§ **Task objective**: Leave out any picture and return the remaining listing below exactly as given.

§ **Source material**:
-----

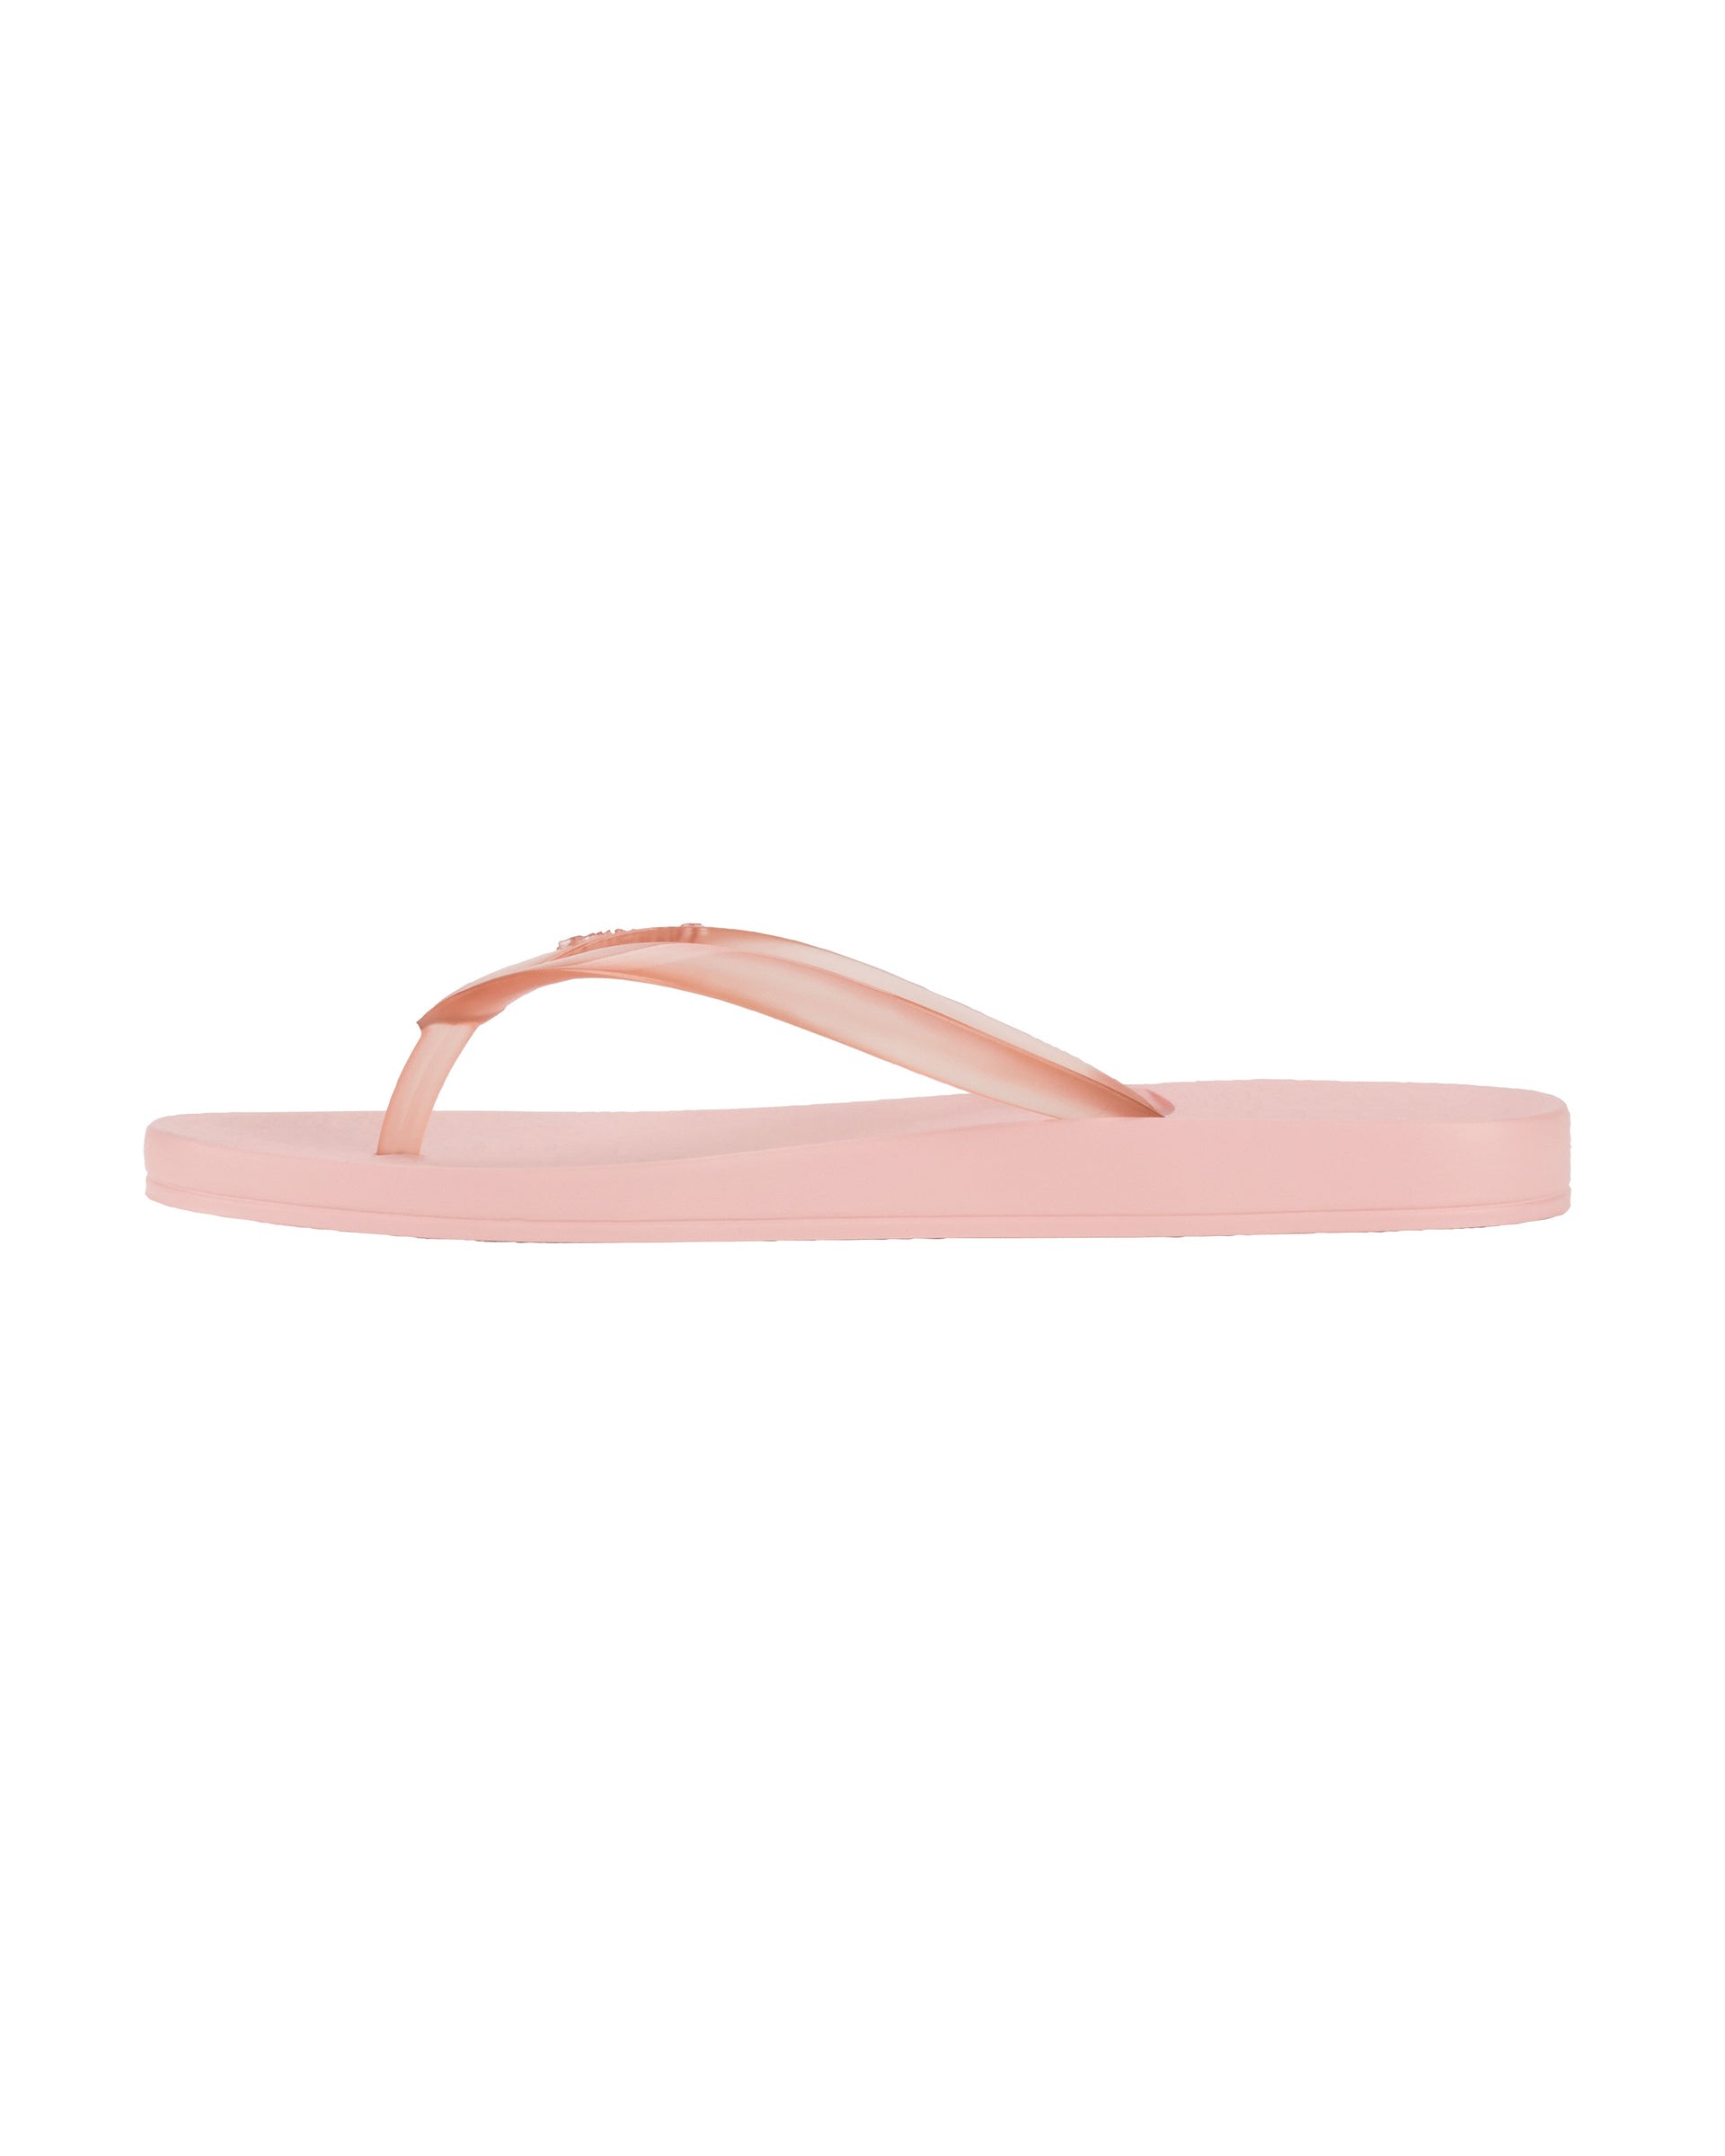 Inner side view of a pink Ipanema Ana Connect women's flip flop with a clear pink strap.
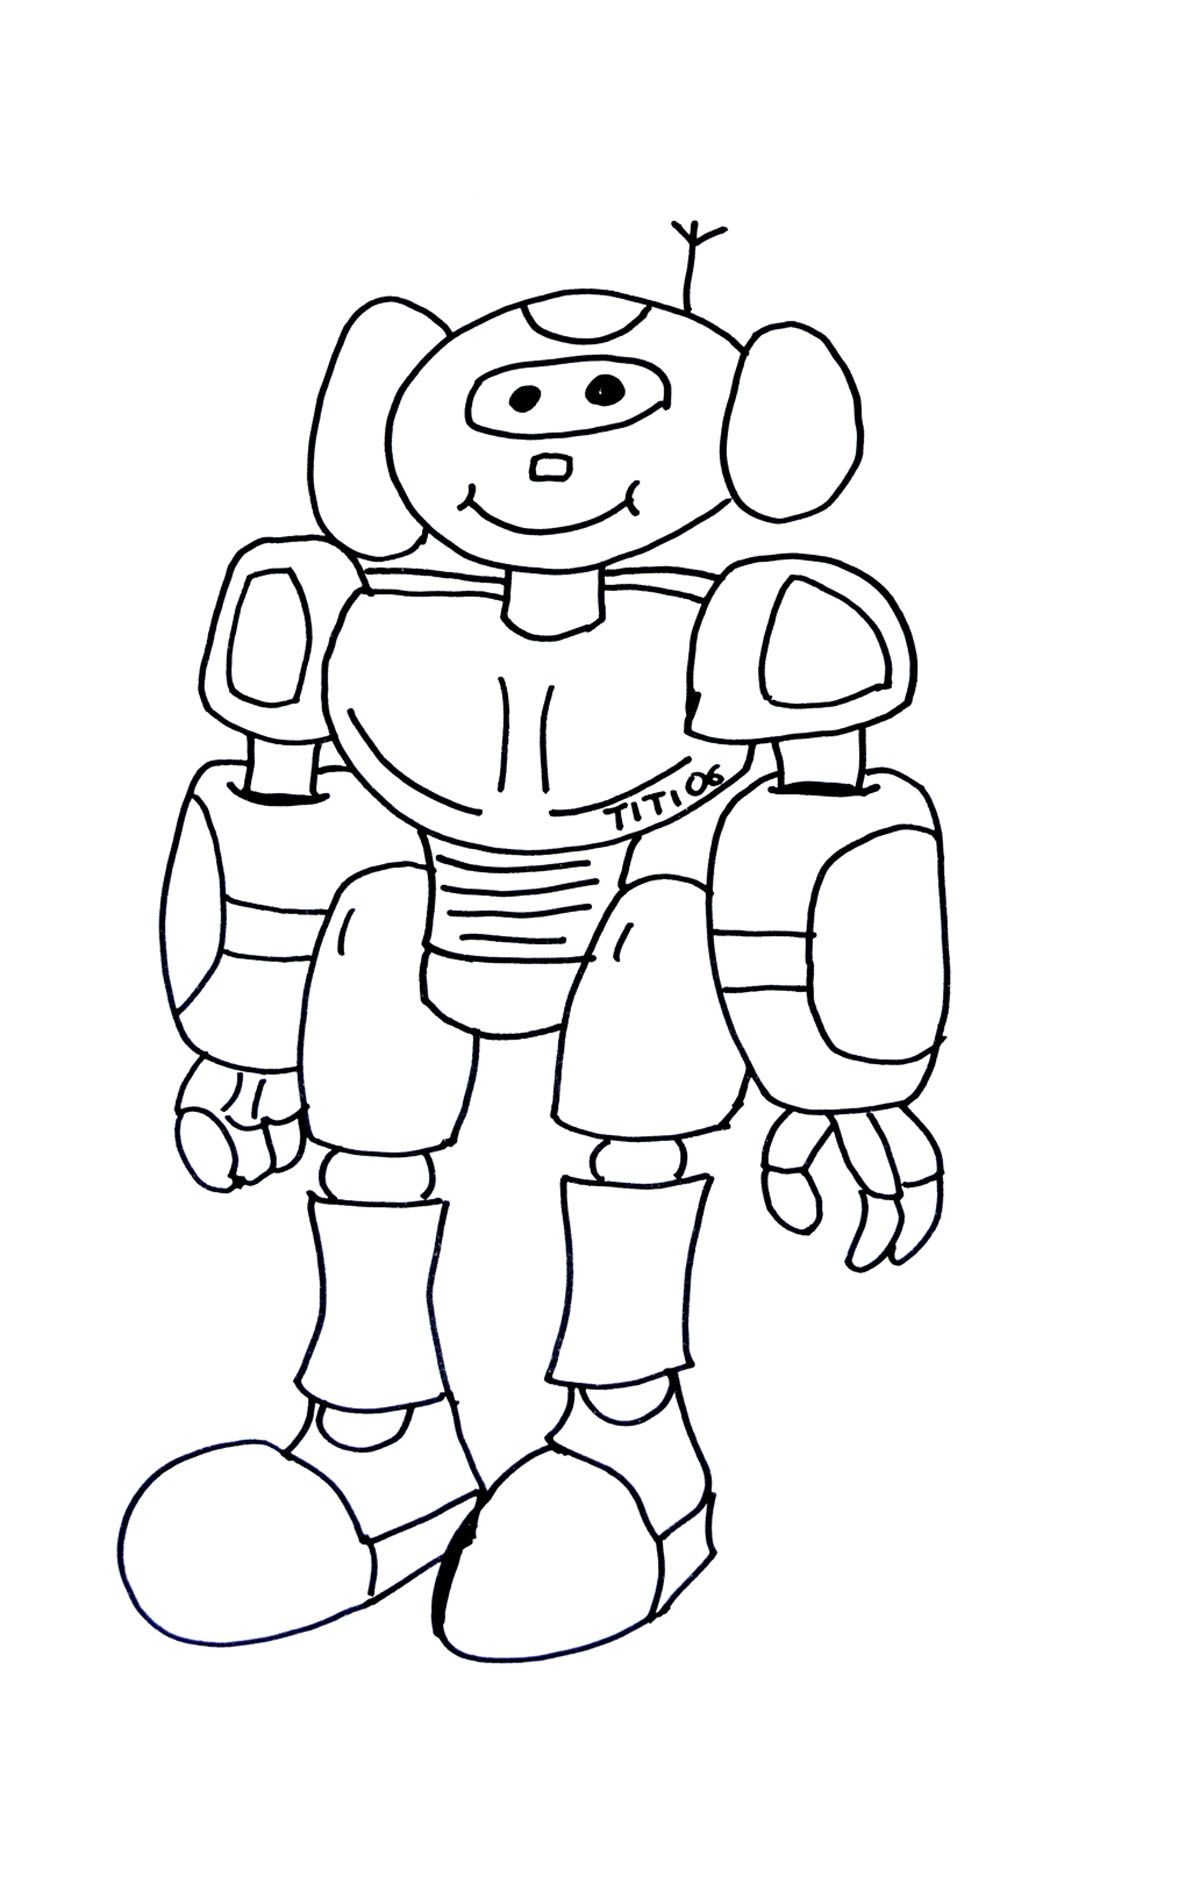 Robots to color for kids Robots Kids Coloring Pages
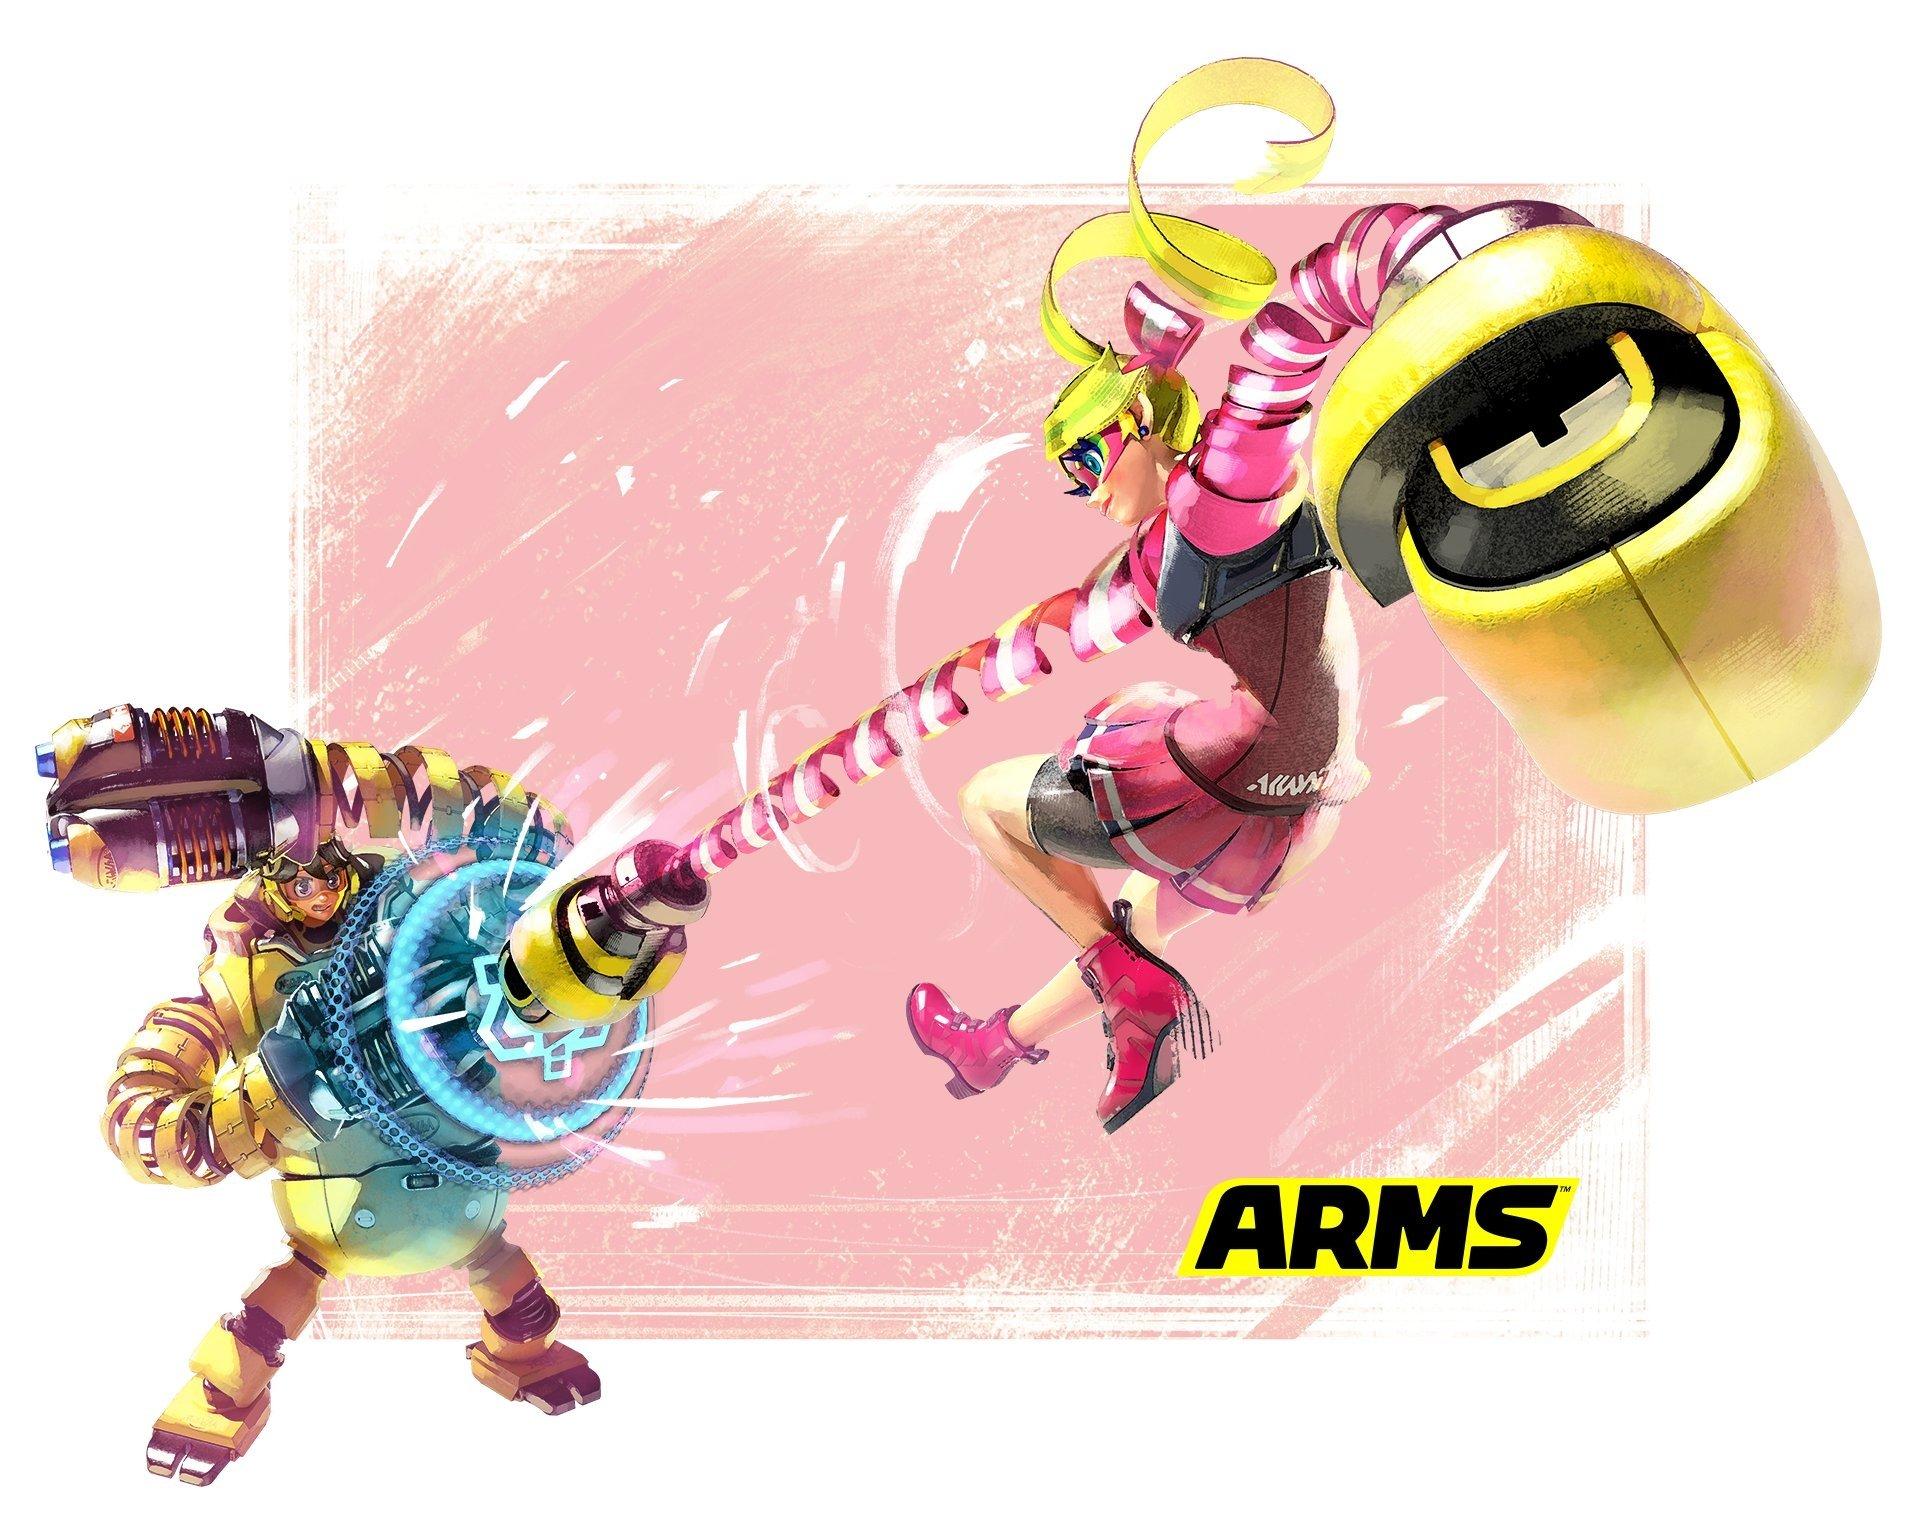 Arms HD Wallpaper and Background Image

-----

§ **Exercise answer**:
 Inner side view of a pink Ipanema Ana Connect women's flip flop with a clear pink strap.
 Robots to color for kids Robots Kids Coloring Pages
 Arms HD Wallpaper and Background Image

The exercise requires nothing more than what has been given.